Thanks for backing out, I'll work on resolving this assertion issue.

Flags: needinfo?(jryans)

I suspect it will be a slow process for me to move forward here... So far, I have tried naively removing the failing assertion (it should not matter on macOS, but may be more critical on other platforms, unsure so far). This avoids the assertion crashes, but there are still various DevTools, browser chrome, and WPT reftest failures.

I'll try looking through these in more detail, but if anyone has theories, please do let me know. 😄

It seems surprising to me that we're getting into the occluded state while run tests in automation (which I assume is what's happening).

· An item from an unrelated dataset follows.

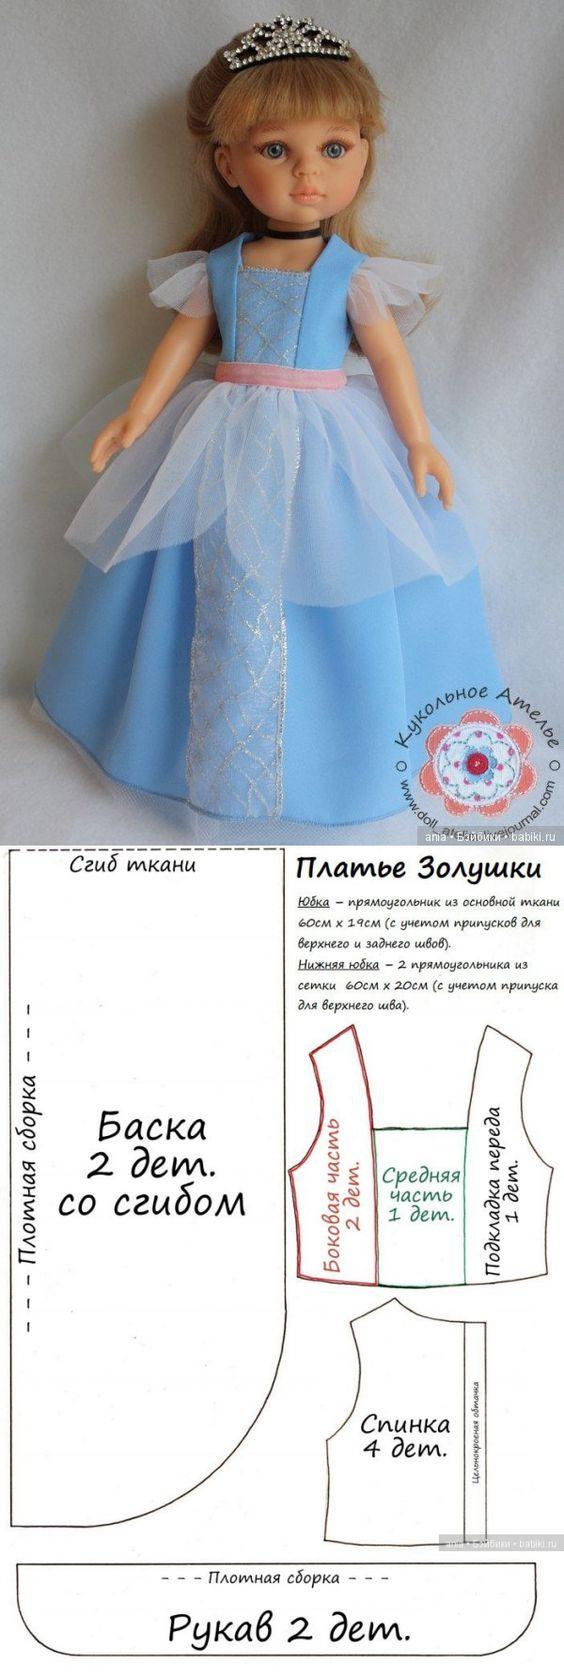 Выкройка платья Золушки для кукол Паола Рейна 32 см / Выкройки одежды для кукол-детей, мастер классы / Бэйбики. Куклы фото. Одежда для кукол
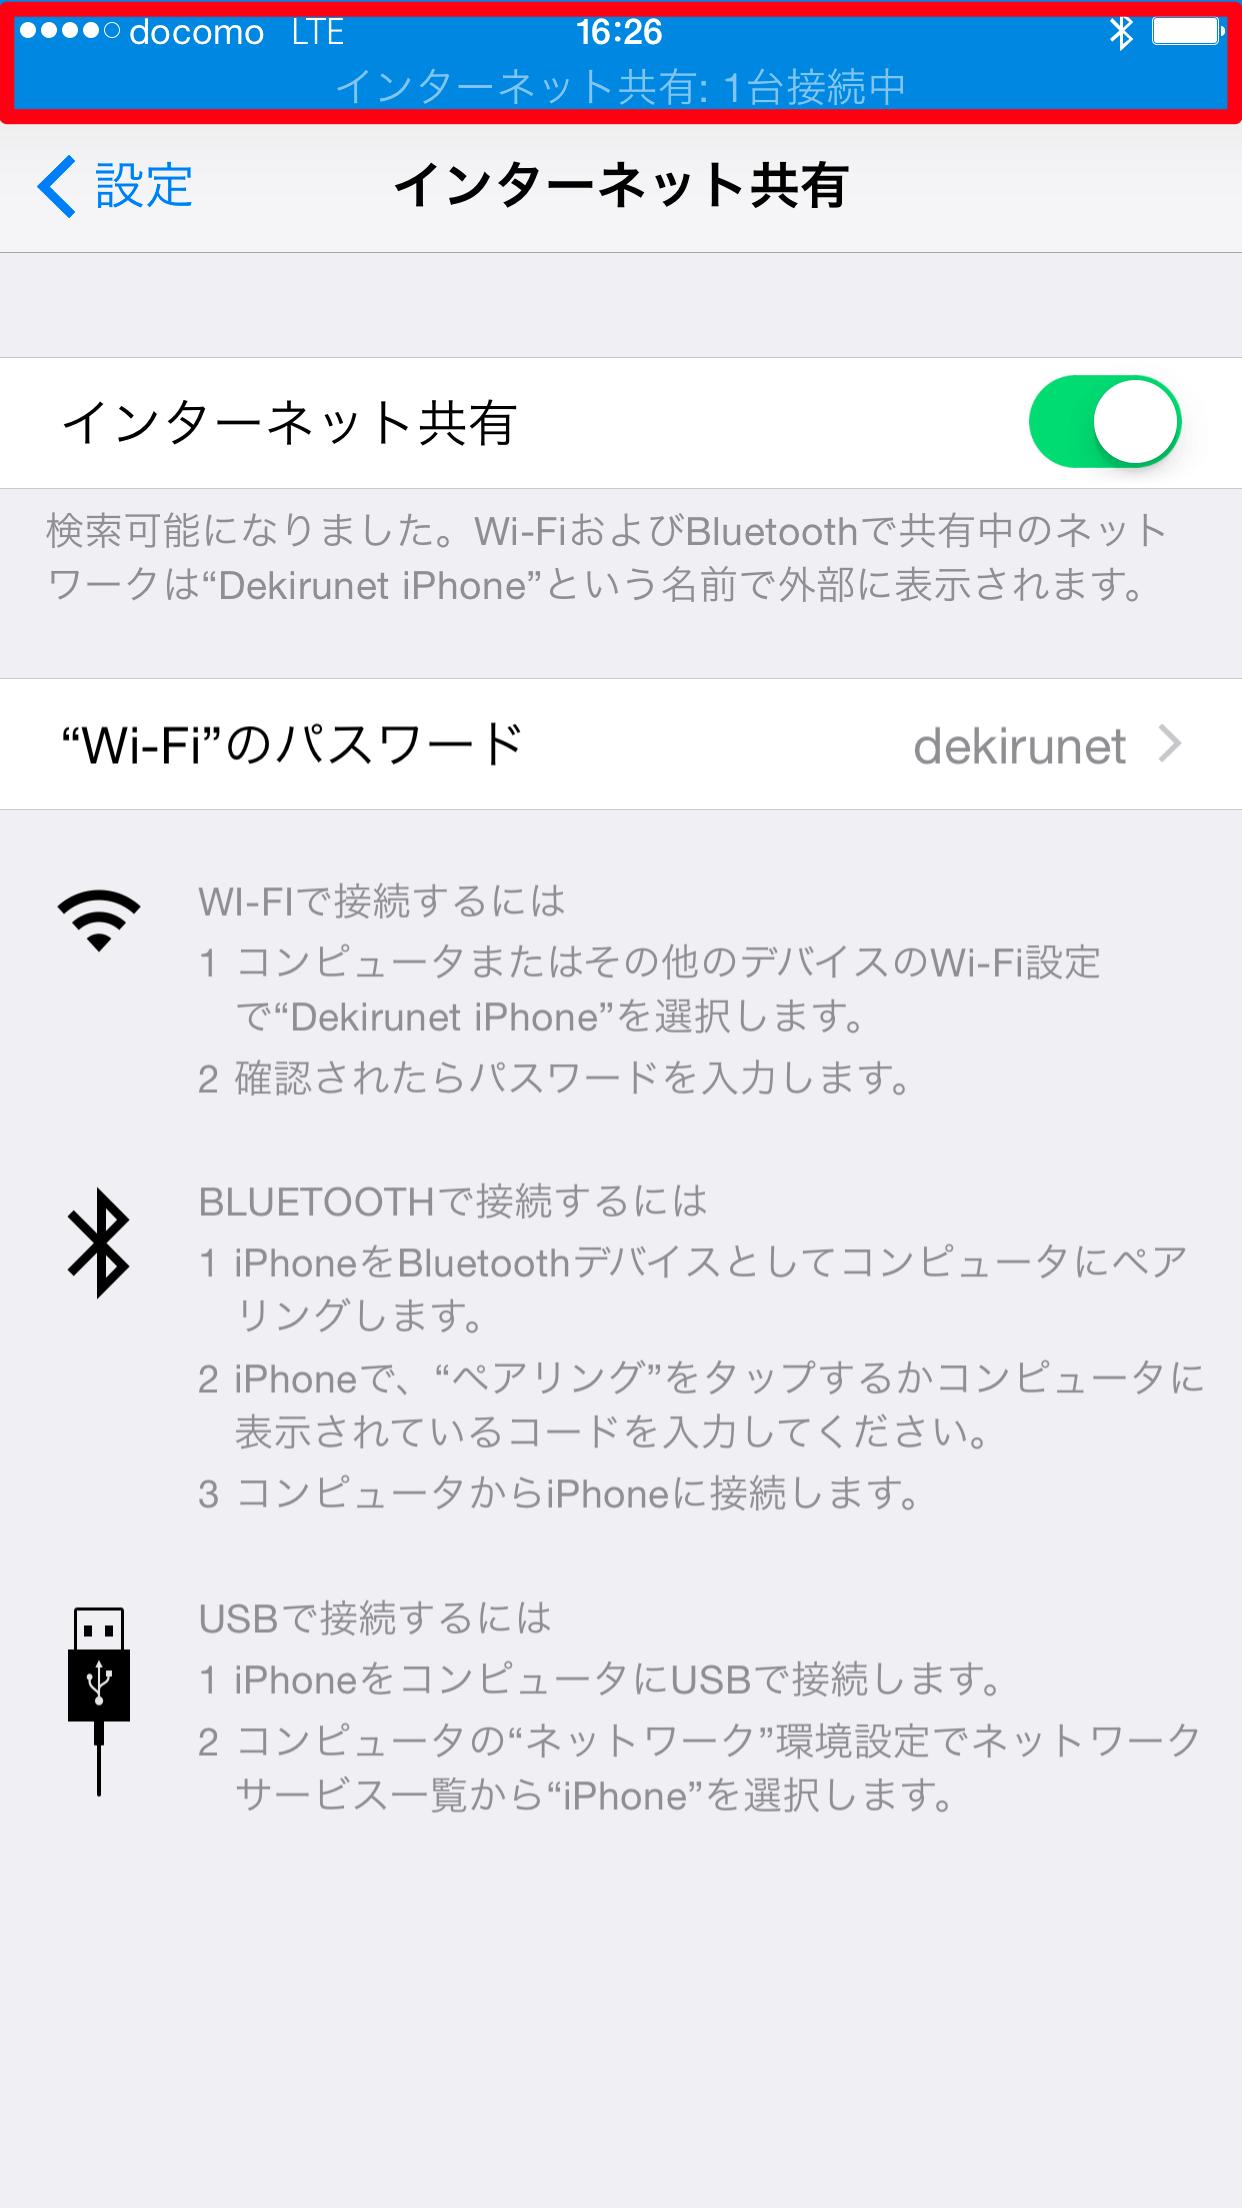 iPhoneの画面を確認する

We could consider disabling the pause code when running automated tests as a workaround, but it'd be good to understand why this happens.

See Also: → 1664472

Thanks, I'll try to investigate whether that is indeed what's happening. I haven't had much time for this bug recently, but I'd definitely like to see this get over the line and merged, so I'll attempt to make some time in the next week or so.

Ryan, thanks so much for your continued work on this! It will be so awesome once this lands!

Some investigation suggests that indeed, we do get into an occluded state while running tests. It seems to happen during browser startup and shutdown, and perhaps this races with state in the compositor, causing things to get a bit confused. The intermittent test failures here seem to be more likely to occur when the browser is restarted mid-test-run, as e.g. WPT reftests will do for each directory.

A fresh try run suggests that using only window minimize events to pause (rather than the noisier occlusions events that can happen in more situations) avoids the test failures while still solving the core problem here.

Assuming that continues looking good, I'll revise the patches here with that approach.

The new approach using minimized only is looking good:

As part of refreshing the patches, I have added a (default enabled) pref widget.pause-compositor-when-minimized so we can easily control this feature if needed. I noticed today is the soft freeze for 82, so I'll wait until the tree reopens for 83 before trying another landing.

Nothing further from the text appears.